August 30, 2009 · Filed Under Breaking Up · Comment 

You might not know it, but relationship self help is possible, and there are really a lot of things you can do to save your relationship.  If money is a problem and you can’t afford a relationship counselor or one of the fancy ebooks, then perhaps self-help is the way to go.

Many people begin to feel that the intimacy levels in their relationships begin to fade over time. They mistakenly believe this means the love is gone, but the truth is that all relationships develop into a pattern of habits and rituals that can often make people feel more like roommates than lovers.

Instead of giving up on your relationship, try using some relationship self help techniques to bring the intimacy levels back to where they were when you first met.

Start Small Talking

Research has shown that couples who engage in regular small talk will experience less arguments and fights throughout their relationship. Connective small talk doesn’t mean bombarding your partner with an hour-long diatribe about every single thing you did during the day.

Small talk is simply sharing opinions or observations from things you did through your day. It also means learning to avoid mono-syllable responses and actually showing a bit of interest in what each other is saying. Ask questions and respond to your partner with positivity.

Make Eye Contact

How many times do you really look your partner in the eye when you talk together? As relationships progress, many people tend to look in the direction of their partner’s eyes, but they don’t make eye contact.

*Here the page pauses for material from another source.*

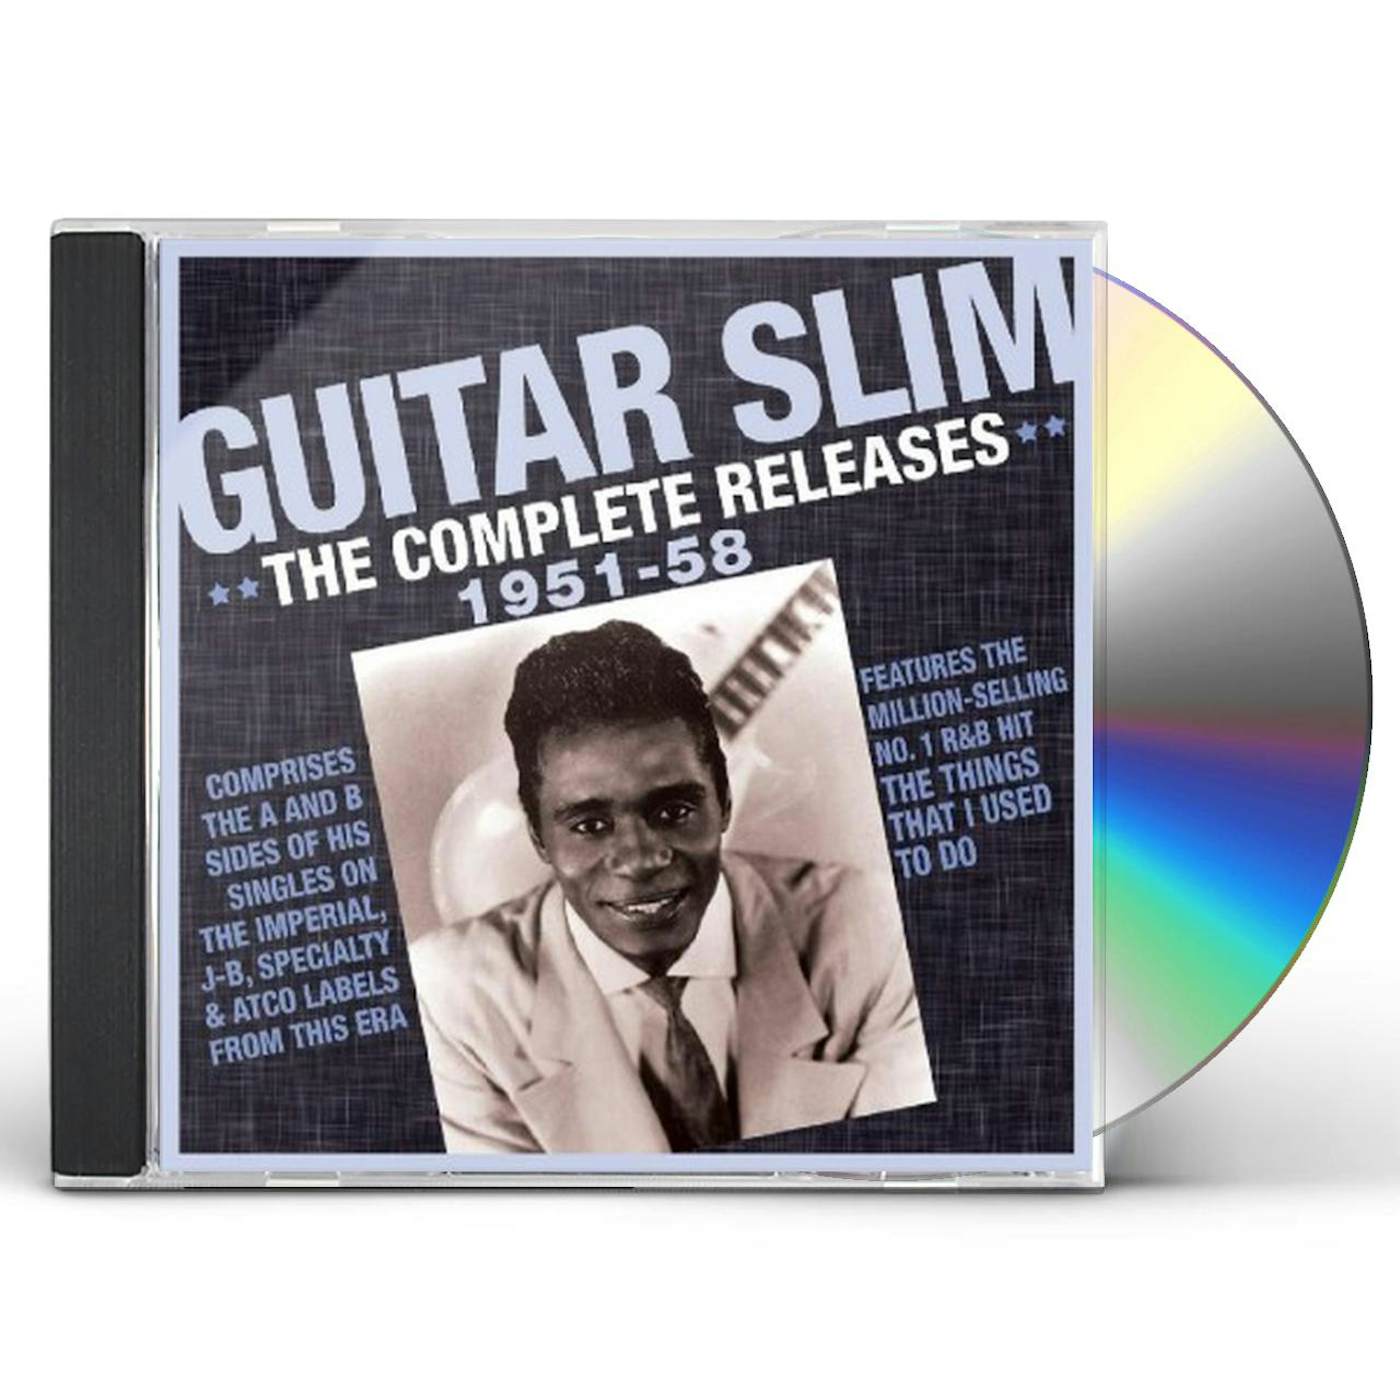 Guitar Slim COMPLETE RELEASES 1951-58 CD

When you first met, eye contact would have been high. Humans react to eye contact as being a positive way to build intimacy. As you become more familiar with each other, this decreases over time, which also leads people to believe the intimacy is dying.

It Doesn’t all Have to Lead to Sex

Learning to touch your partner and encouraging them to touch you too in non-sexual ways can help to increase intimacy. Give your partner a hug without expecting it to lead to anything further. Offer your partner a back massage or a foot rub and don’t have an ulterior motive. Hold hands when you’re out together. These simple forms of physical contact re-establish a level of intimacy and trust in each other that can be very effective relationship self help techniques.

Appreciation

Instead of focusing on the things that annoy you about your partner, try focusing on the things you appreciate about them instead.  There must be things about your partner that attracted you to them originally, so spend some time each day focusing on the positive things and don’t waste time concentrating on the annoying traits that everyone has anyway.

Take Some Time Out

Far too many couples fall into a pattern of trying to spend all of their time with their partner.  They begin to feel as though their partner is somehow deserting them if they want to spend a little time doing something without their significant other. While it’s normal to enjoy each other’s company, it’s also important to remember that everyone needs a little time out occasionally.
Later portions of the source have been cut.